7) -Une “ Boîte aux lettres morte est une appellation utilisée par les espions pour désigner une cache sur la voie publique ( trou de mur,banc de square etc ...) servant à l’échange de courrier entre deux personnes qui ne se rencontrent jamais .

 

              8)Pour les imprimeurs en taille douce le mot peut désigner deux choses:

              -Un accessoire en bois en forme d’arc utilisé pour faire tourner le rouleau de la presse.

              -Une sorte de réchaud à braise utilisé pour réchauffer les plaques gravées avant  leur encrage .

              9)Dans certaines régions (Isère par exemple ..) le mot désigne un claquoir * en forme de livre .

10)Certaines boîtes destinées à contenir des matières qui n’ont rien à voir avec le domaine de l’écrit  s’y rattachent cependant lorsqu’elles portent un texte imprimé ou un dessin : c’est , entr’autres , le cas des boîtes lithographiées dont les collectionneurs sont les “ Pyxilithophilistes   *  “ et des boîtes publicitaires collectionnées par les “ Publipyximétaphiles  * 

              Ces boîtes en tôle, ornées de lithographies à compter de 1877,  furent l’un des premiers supports publicitaires .

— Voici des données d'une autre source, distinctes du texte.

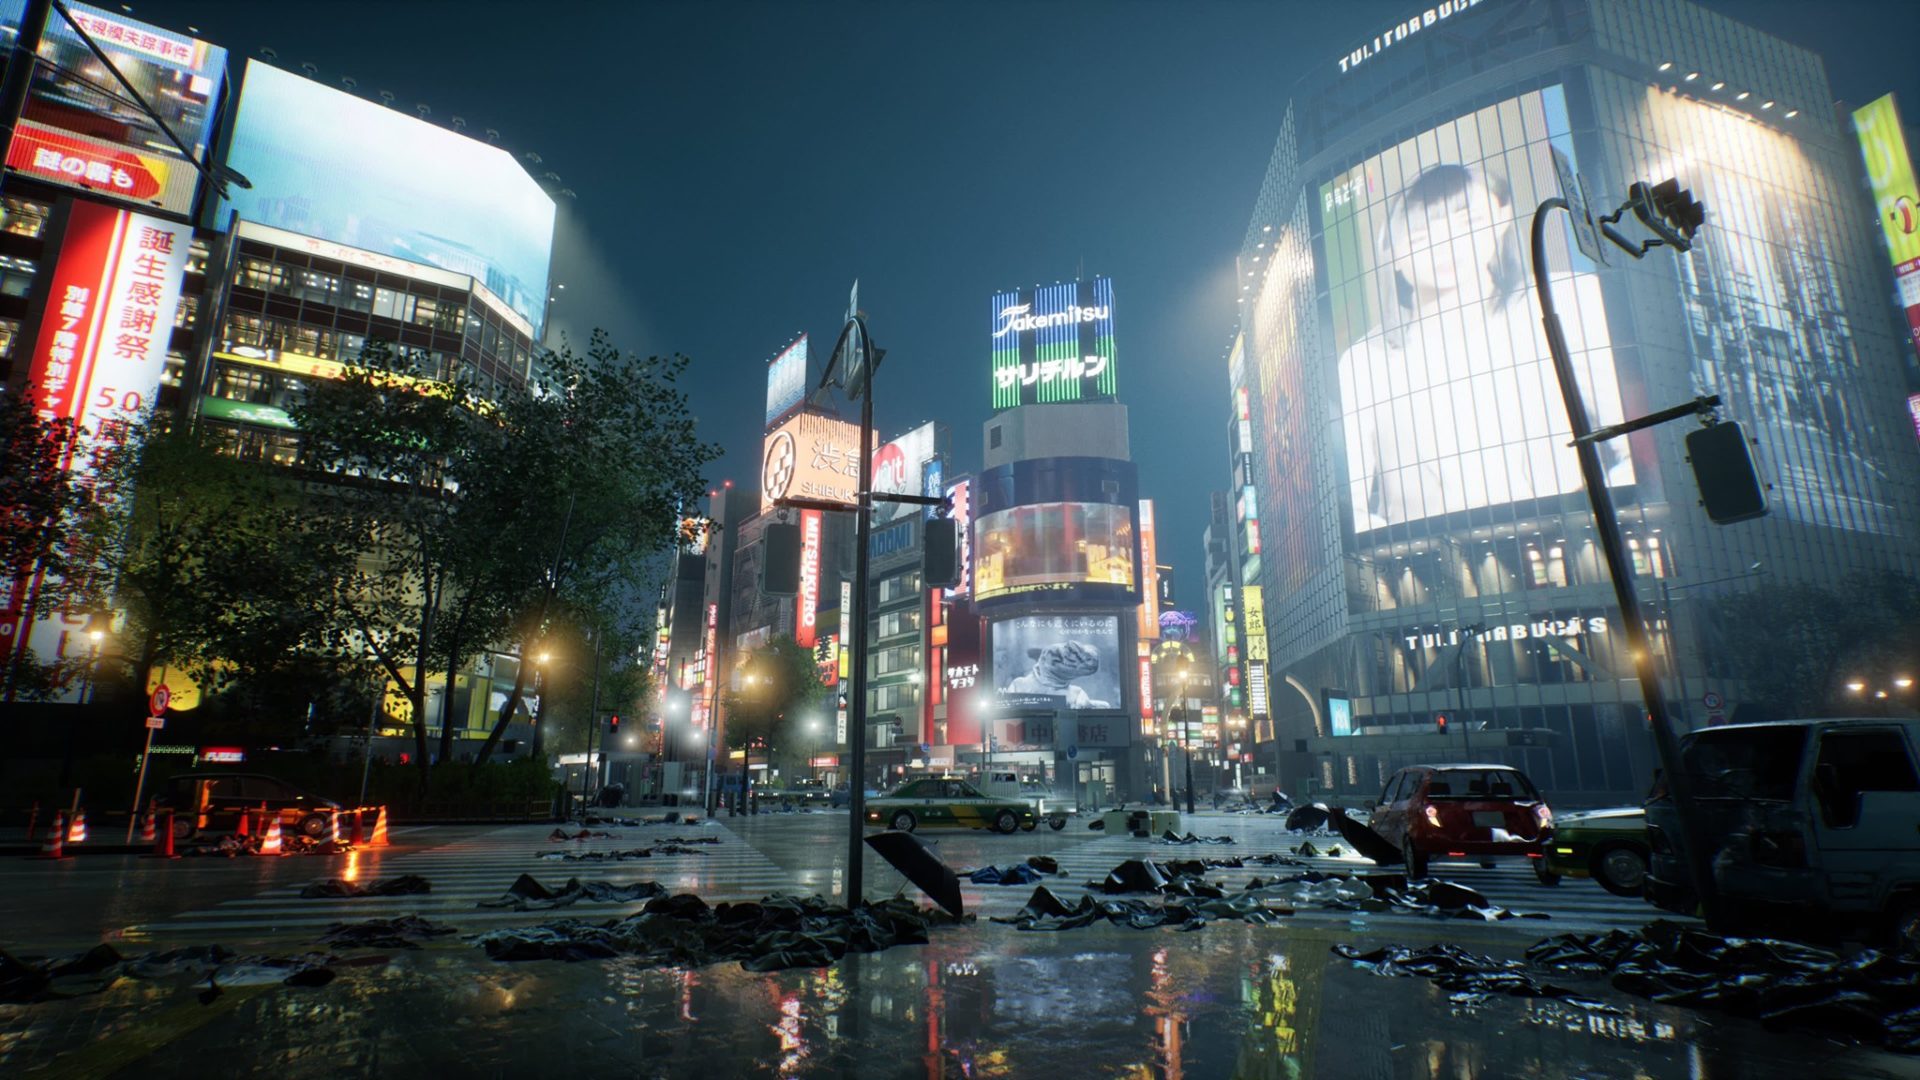 Ghostwire Tokyo ไม่ใช่เกมแนวโลกกว้าง เพียงแค่แผนที่ภายในเกมมีขนาดใหญ่เท่านั้น

              Certaines d’entr’elles ont par ailleurs été utilisées pour la réalisation de livres d’artiste * comme par exemple pour celui présenté en 2010 par Mya Frey La Coutellerie à l’expostion des livres miniatures de Lyon et qui s’enroule dans une boîte à sardines .

              11)Les graveurs pratiquant l’aquatinte * nomment “ Boîte à grains  “ une sorte de grosse salière leur permettant de répandre uniformément la résine sur la plaque à graver ;

              12)Certains livres ou florilèges * portent ce titre comme , par exemple, “La boîte à esprit  “ (collectif-1801),ou”La boîte en argent “ de John Galsworthy(1906)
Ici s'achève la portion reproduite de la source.